So far this week, I made soup, got sick and also, had a crazy meeting, and have threatened to go into hiding, perhaps in the Yukon. Which I’m not sure if I know where that is but it sounds really good. Alaska, right? I hope so.
I finished my story for class and also, can’t believe the semester is almost over. In fact, this Tuesday was the last time the class would meet in our classroom, since next week, we’re meeting at Professor McDreamy’s house, to workshop said story and also one more and also, drink of the wines. Well, they will be, I’ll be drinking of the mineral water, as I will, as ever, have a 90 minute drive home.
However, in cool news, the boat story was plucked by the program and submitted to a national thingy/competition/whosits, which was pretty awesome, because I didn’t have a clue that it was being considered. Of course, I have this problem where I’m freaked out by attention and performance anxiety when it comes to my prose, but I also just wanted to find Dr. Frank and be like “Not a good fit!? Denied acceptance three years in a row? Suck it, bizatch!” but I am a very serious artiste and above such childishness. Of course.
Still, I hope he’s sucking it. Just a little.

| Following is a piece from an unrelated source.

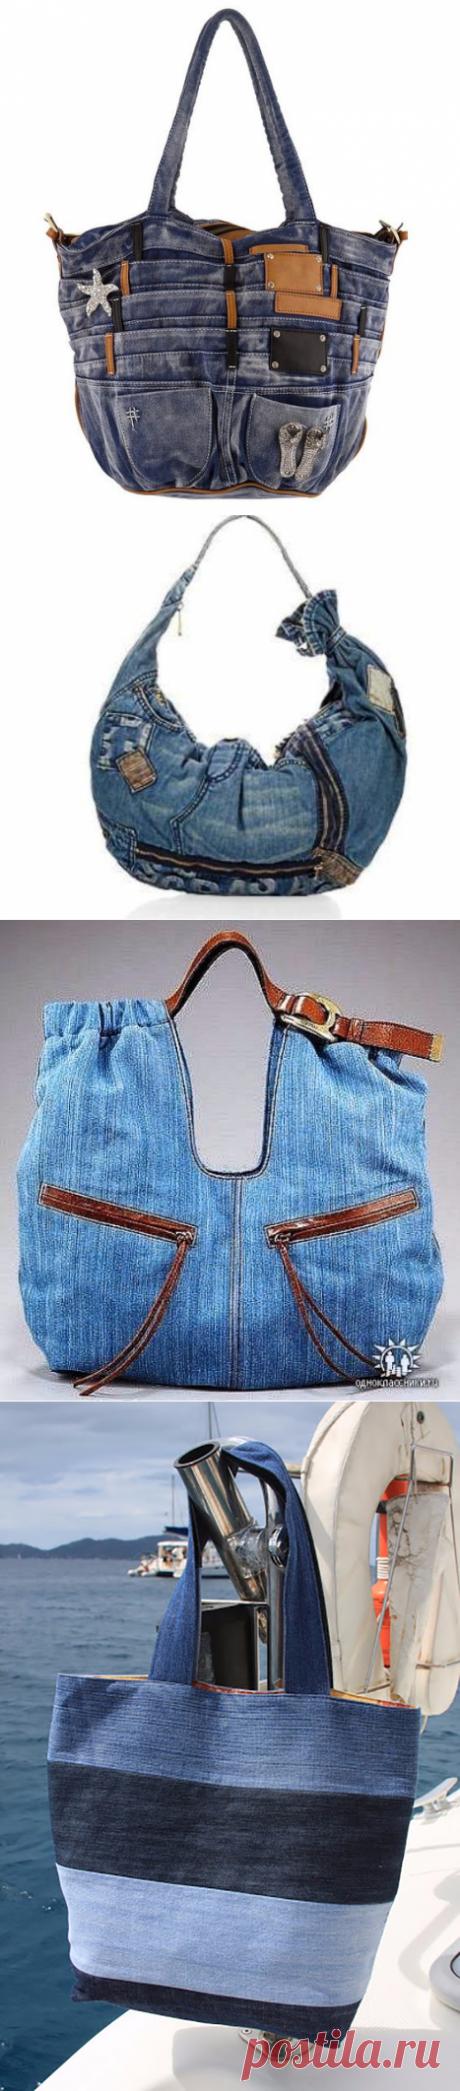 Джинсовые сумки на лето!!!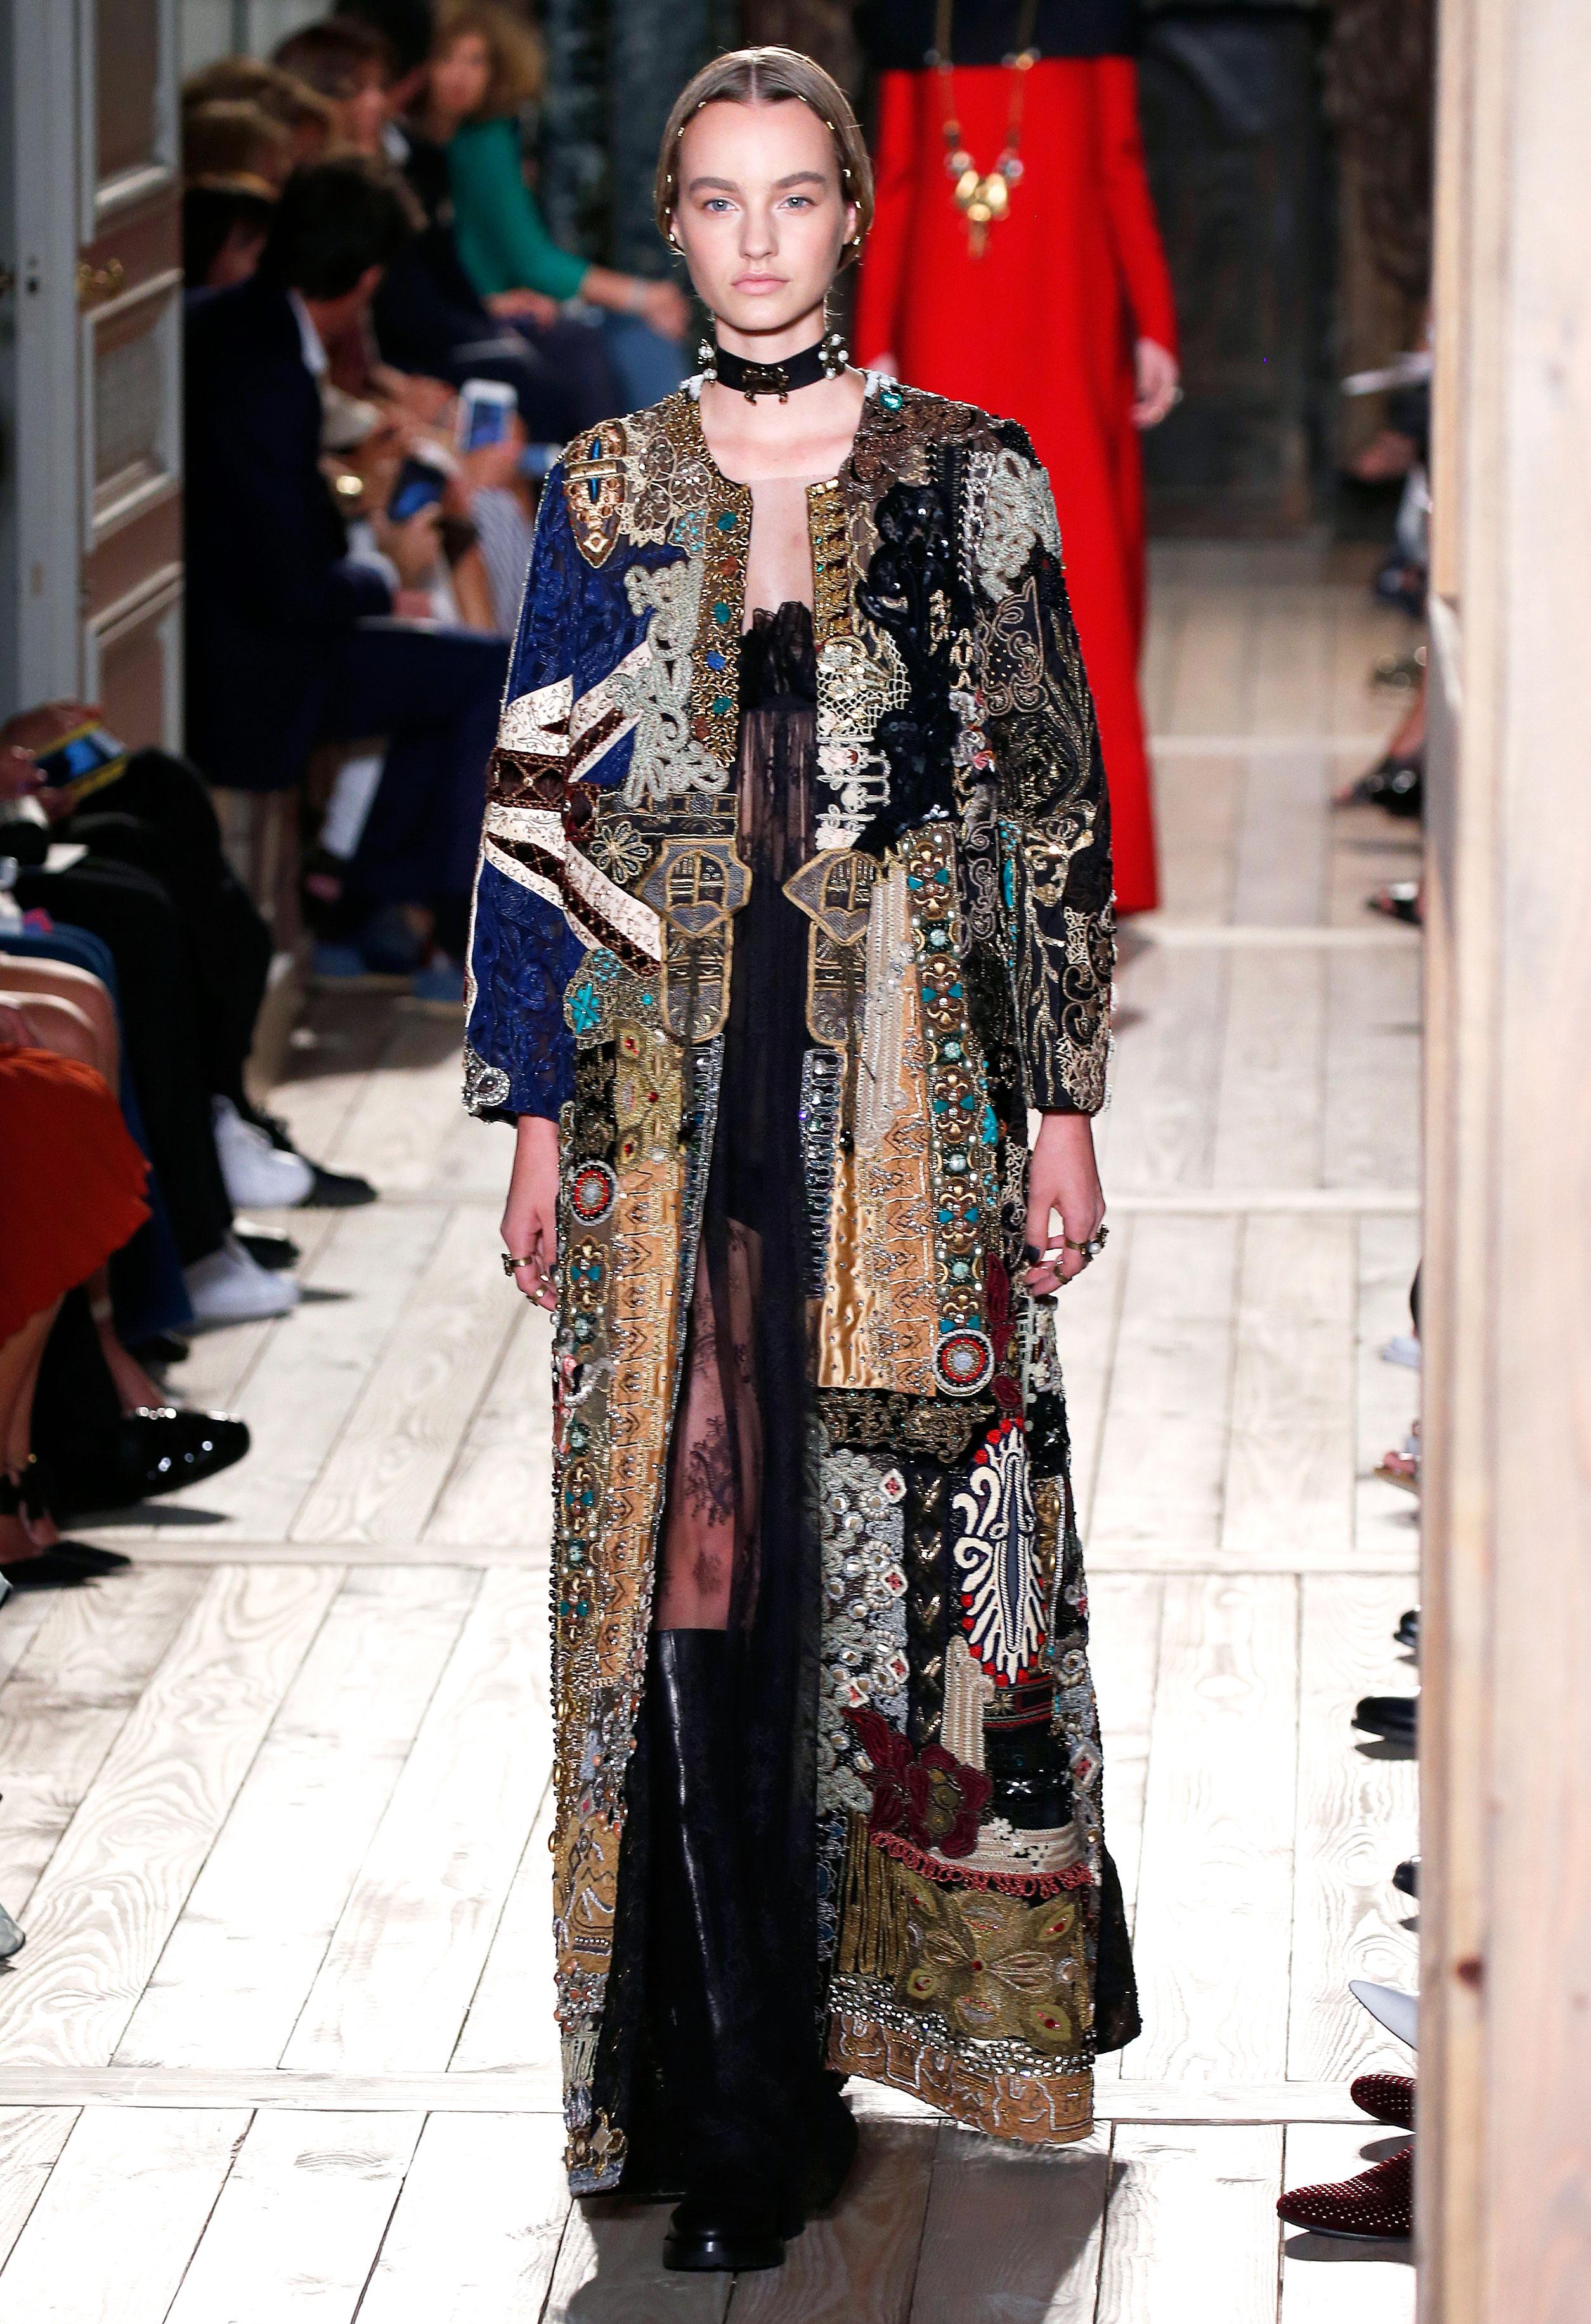 Valentino Designed By Pier Paolo Piccioli And Maria Grazia Chiuri At The Haute Couture Fall Winter 2016 17 Show Estrop Getty

The thing that pisses me off the most in this world these days seems to be a sloppy windshield on my car. It makes me irate, as evidenced by my near panic while trying to find the Pope Hilarius cafeteria. For some reason, the factory-installed wiper on the Murano has always been ghetto, but I lived with it during the summer. However, now that it’s winter, we need to bring out the heavy guns. Esteban went down to the auto parts store and, against his better judgment, took the recommendation of the parts guy and bought some sort of cheapish blades, which of course, were an absolute disaster in the recent snowfall (although markedly better than the Nissan branded blades). I think my ideal windshield wiper would be a razor blade that scraped the windshield dry with every pass. None of those channels of smearing! Precision, people! I demand nothing less than perfection when it comes to my vision.
I called him and complained about the smearing and he sighed and said that he’d research the Murano message boards, which just boggles my mind. First of all, my way would have been to drive to the dealer, point at the streaking, shout “UNACCEPTABLE!” and then tap my foot until an appropriate blade was produced, perhaps by gloved footmen wearing white powdered wigs. However, Esteban derives strange levels of satisfaction when it comes to maintaining the cars. I didn’t even KNOW there were such a thing as Murano message boards, but apparently Esteban has researched this and frequents them. Wow, is all I can say to that. Just wow. The gloved footmen at the dealer can rest easy that Esteban is on the case.